Запах цитрусовых духов — страница 22 из 40

– Это не важно. Снижайте дозировку. Я знаю, как помочь Серафиму. Мне нужно, чтобы вы поставили его на ноги к концу недели. – Её голос звучал как приказ, холодный и острый, как лезвие. Она не спрашивала. Она диктовала условия, глядя на него из-под полуопущенных век.

– Это невозможно! Серафим крайне неустойчив. Да вы даже не сможете его контролировать. Я не сомневаюсь в вашей квалификации, но…

– Вы же помните, что я плачу вам? – Её тон резко похолодел, слова ударили наотмашь. Затем наклонилась вперёд, и врач увидел в глазах ту самую пустоту, о которой та рассказывала. – Я утрою сумму. А ещё подпишу все бумаги. Всё, что с ним случится – будет под мою ответственность.
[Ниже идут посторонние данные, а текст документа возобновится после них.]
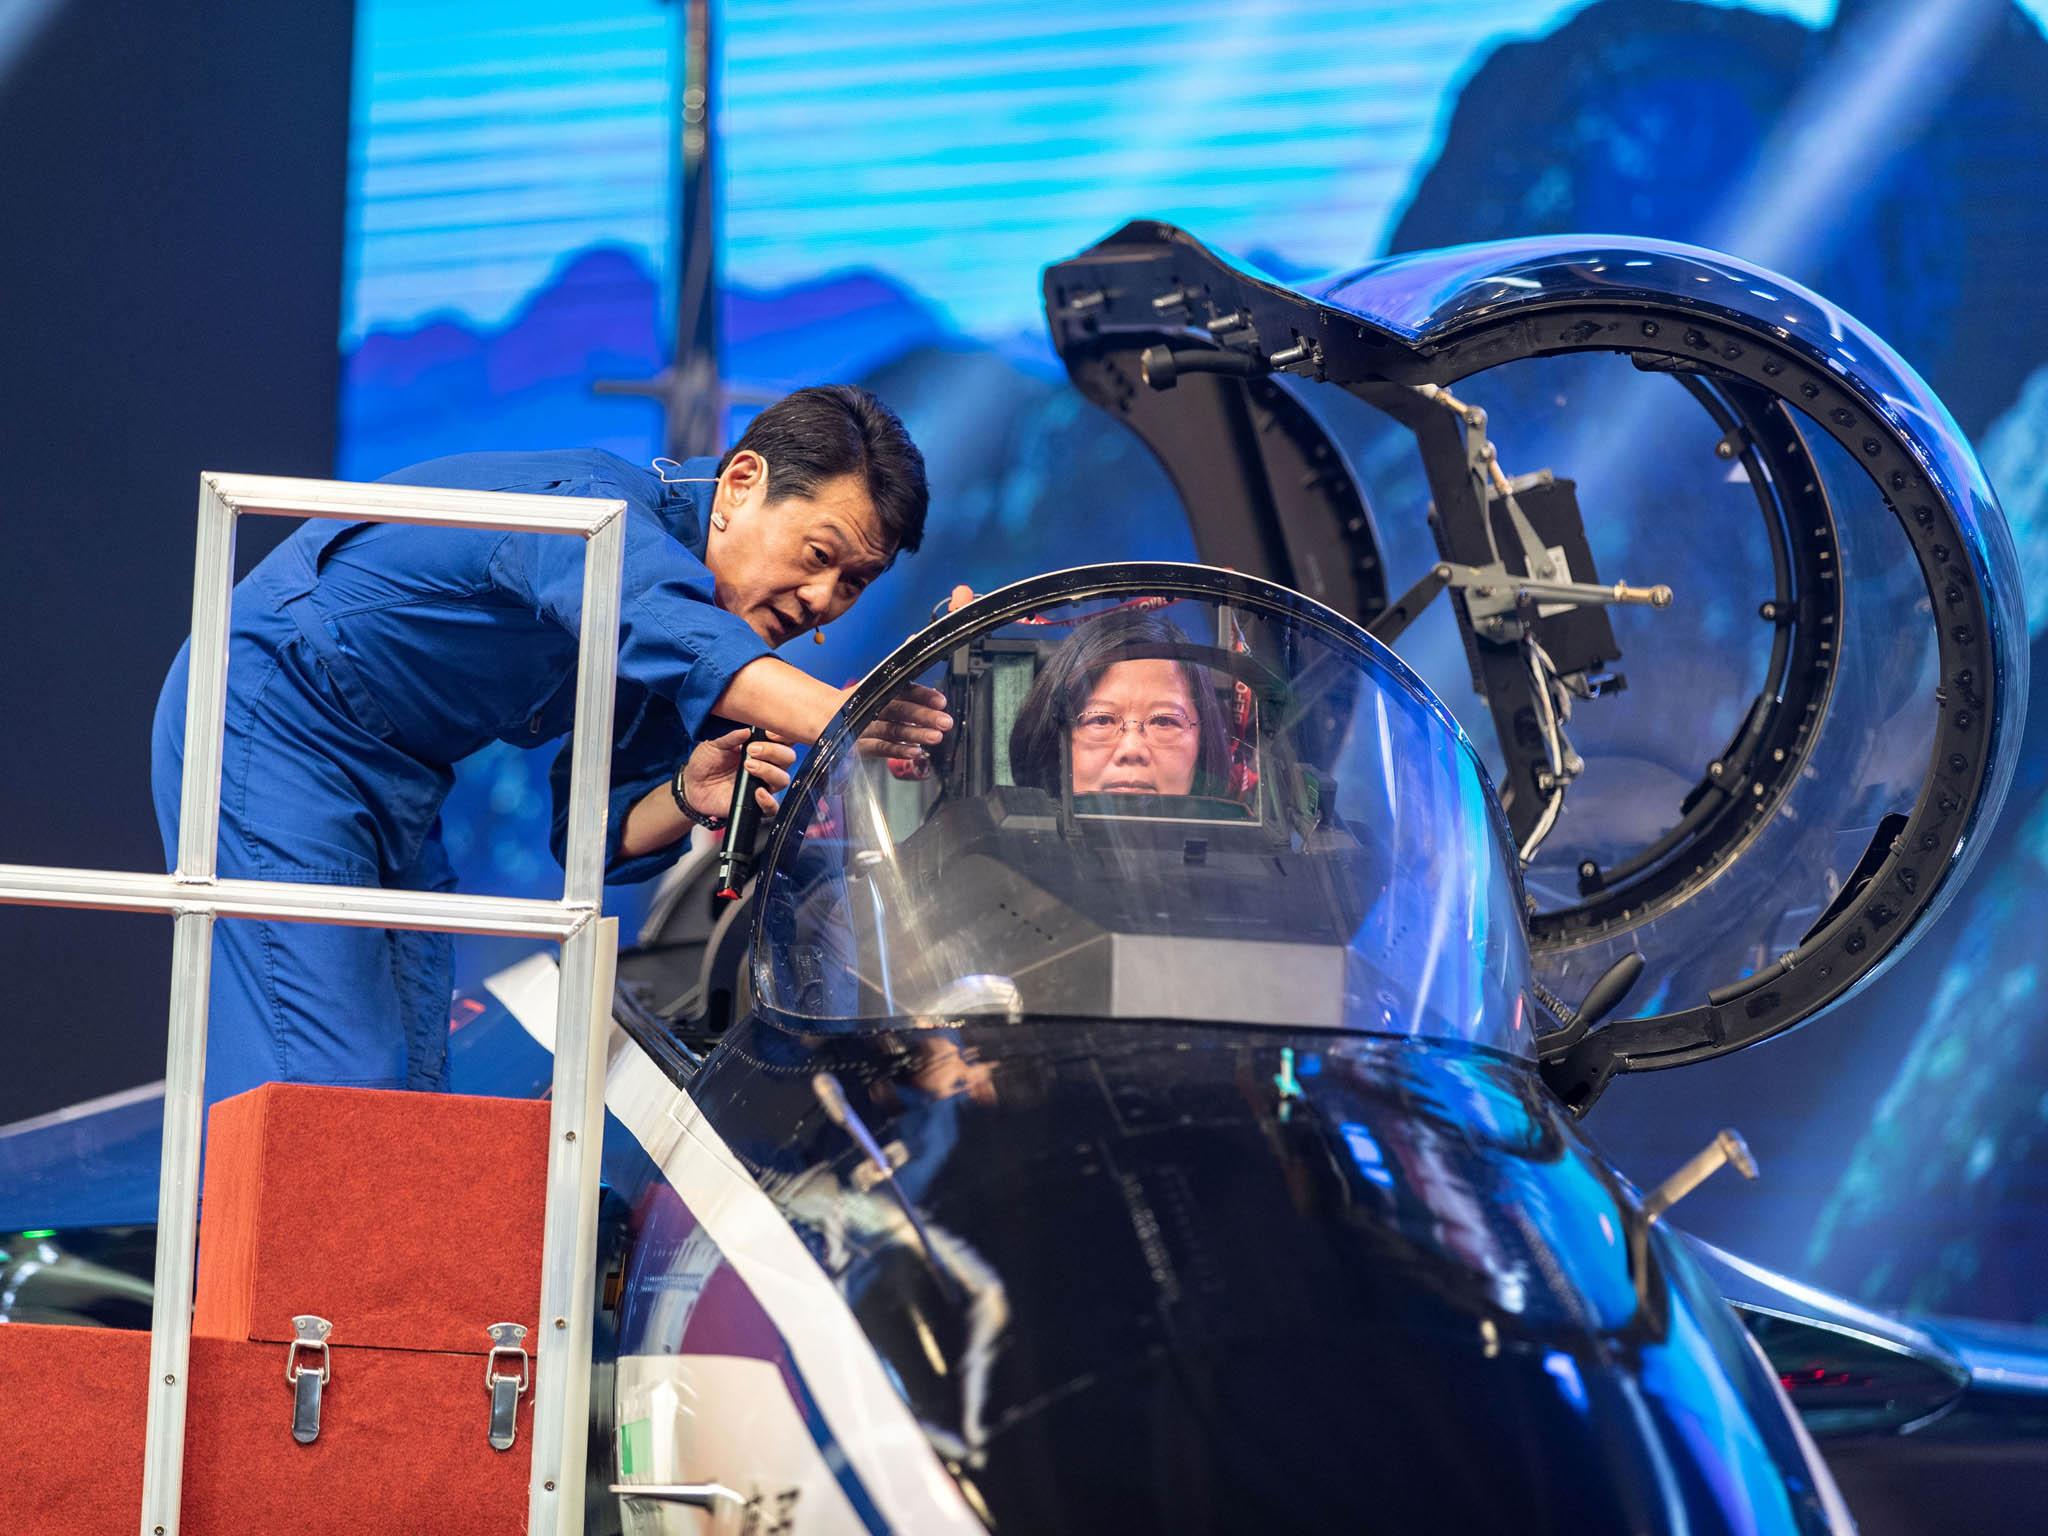 Dokokpitu letounu přezdívaného Statečný orel při úterní slavnostní ceremonii usedla i prezidentka Tcha-jwanu Cchaj Jing-wen.
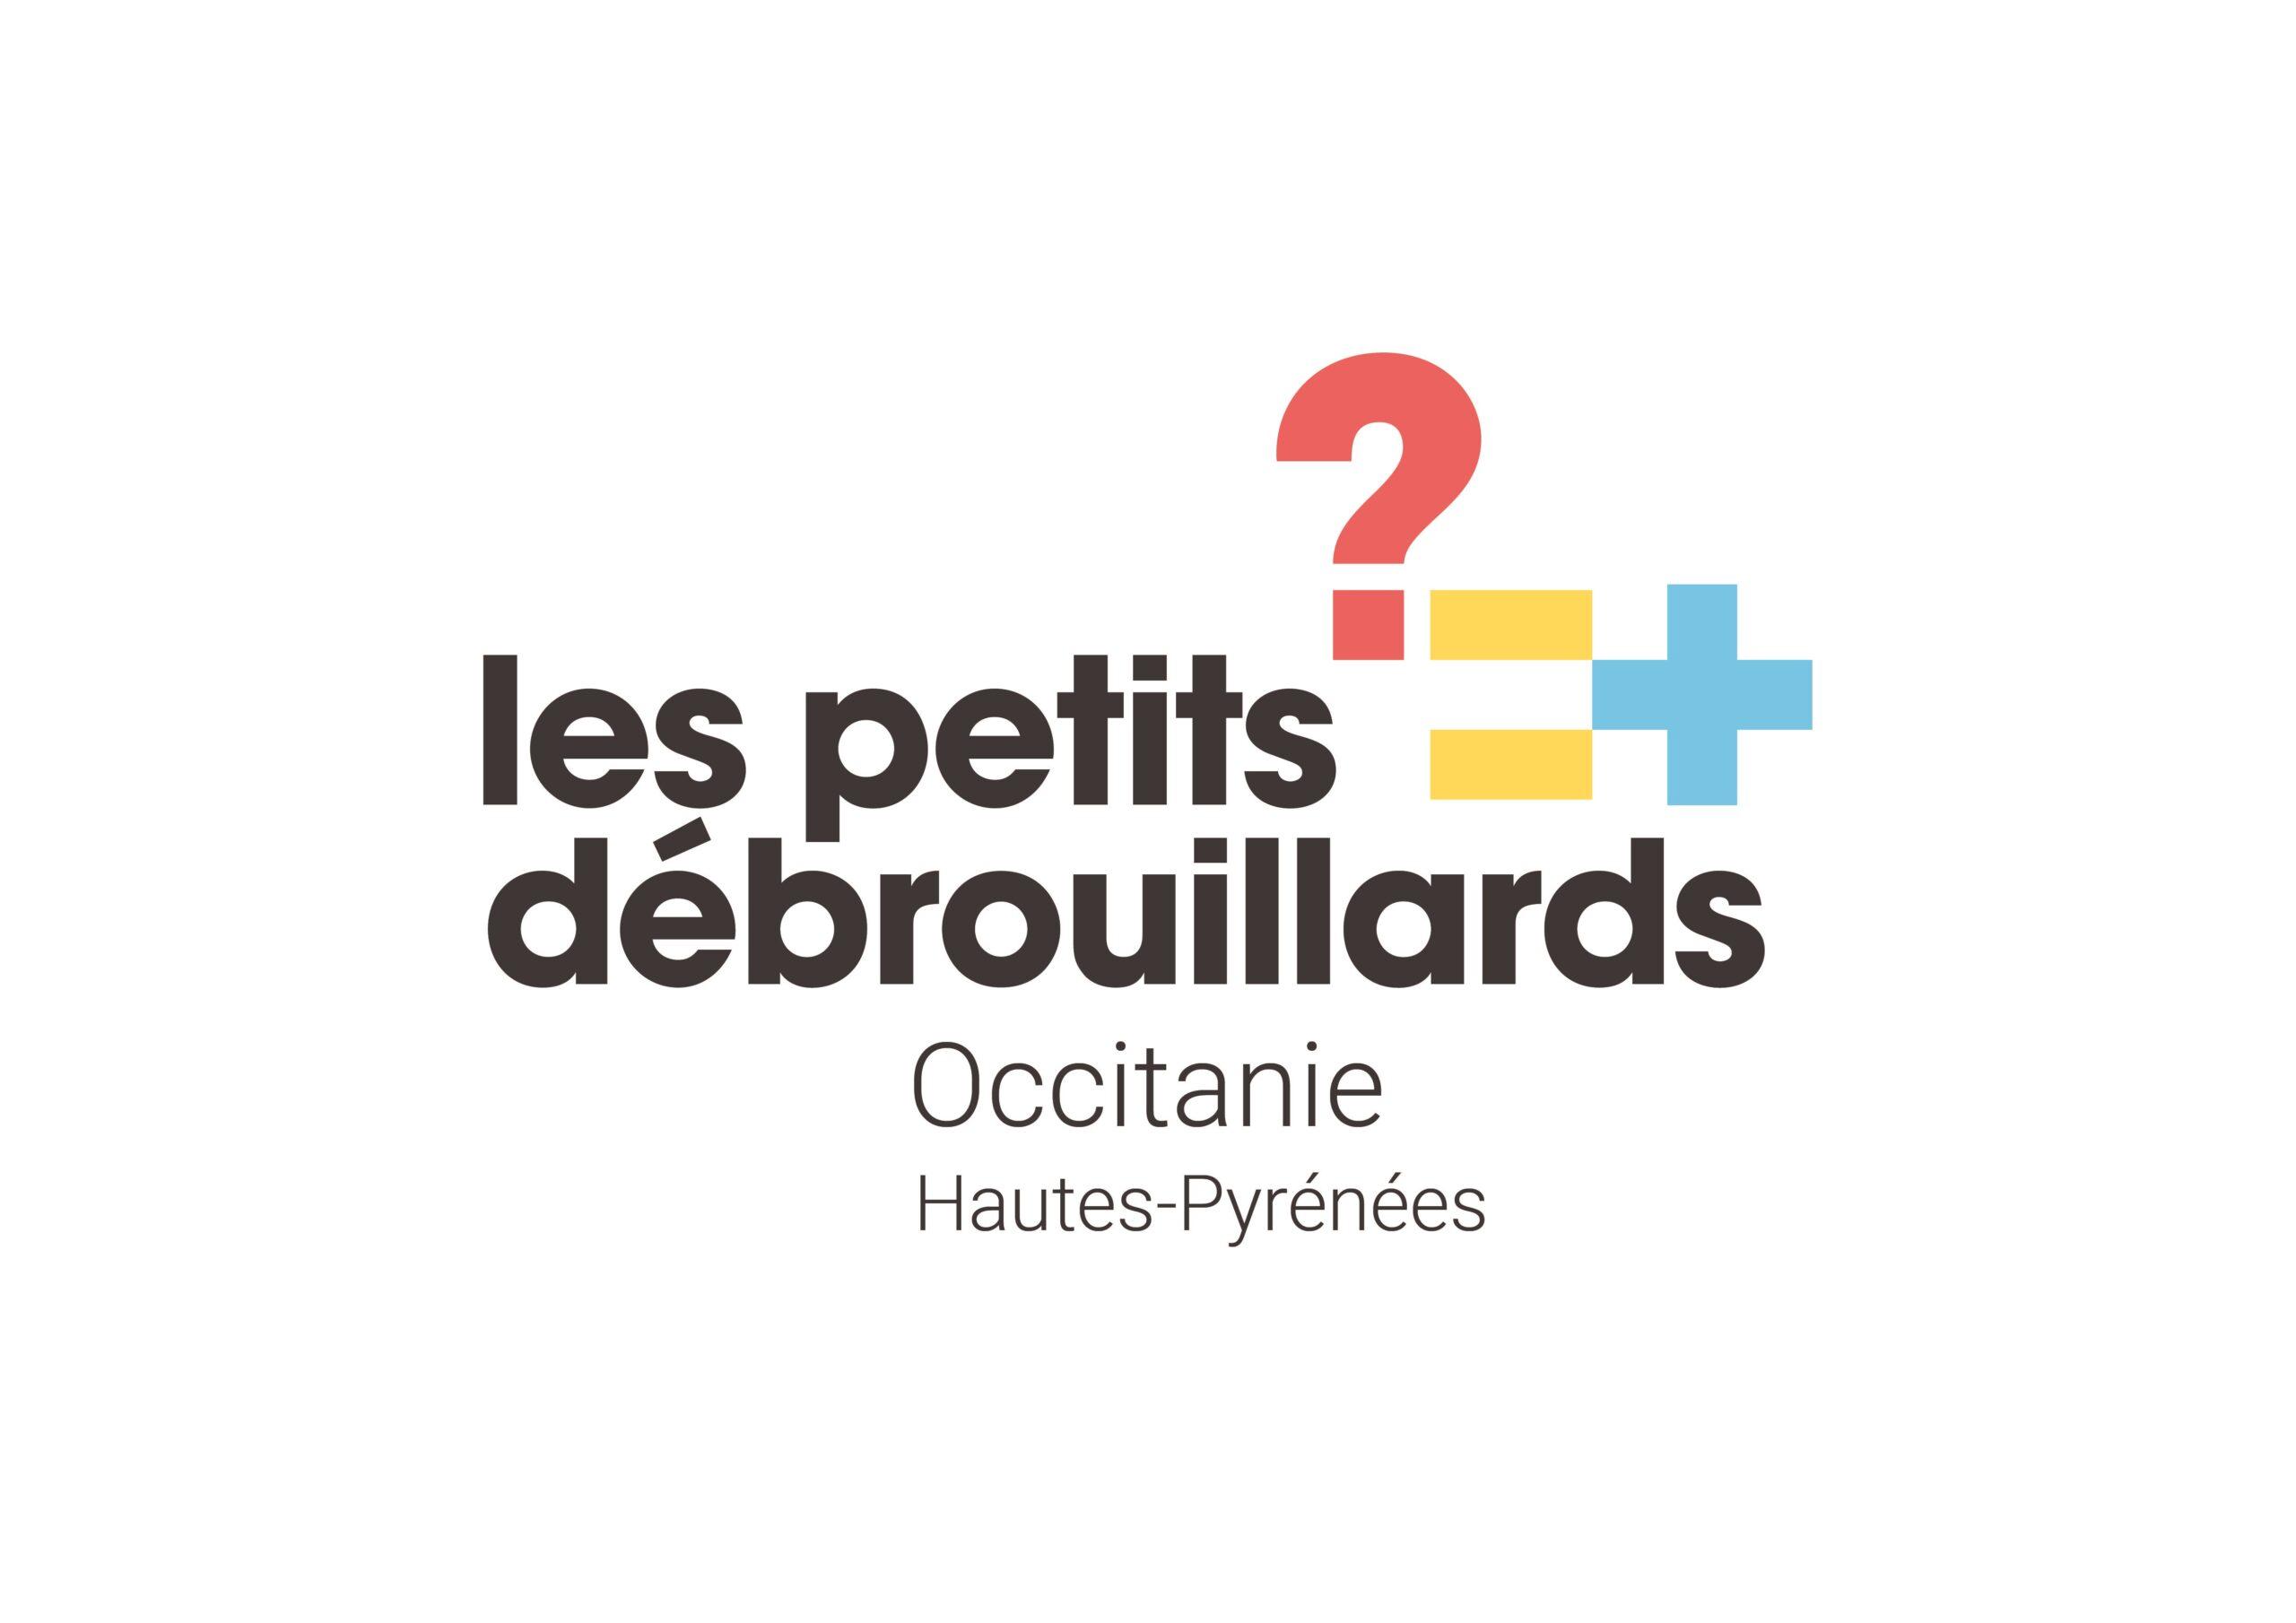 Les Petits Débrouillards Occitanie

Он молчал. В голове мелькали цифры – её деньги, его зарплата, кредиты, ипотека. А ещё – лицо Серафима, искажённое болью, его руки, вцепившиеся в ремни, будто они – единственное, что удерживает его на земле.

– Хорошо, – выдохнул врач, чувствуя, как внутри что-то оборвалось. – Но если что-то пойдёт не так…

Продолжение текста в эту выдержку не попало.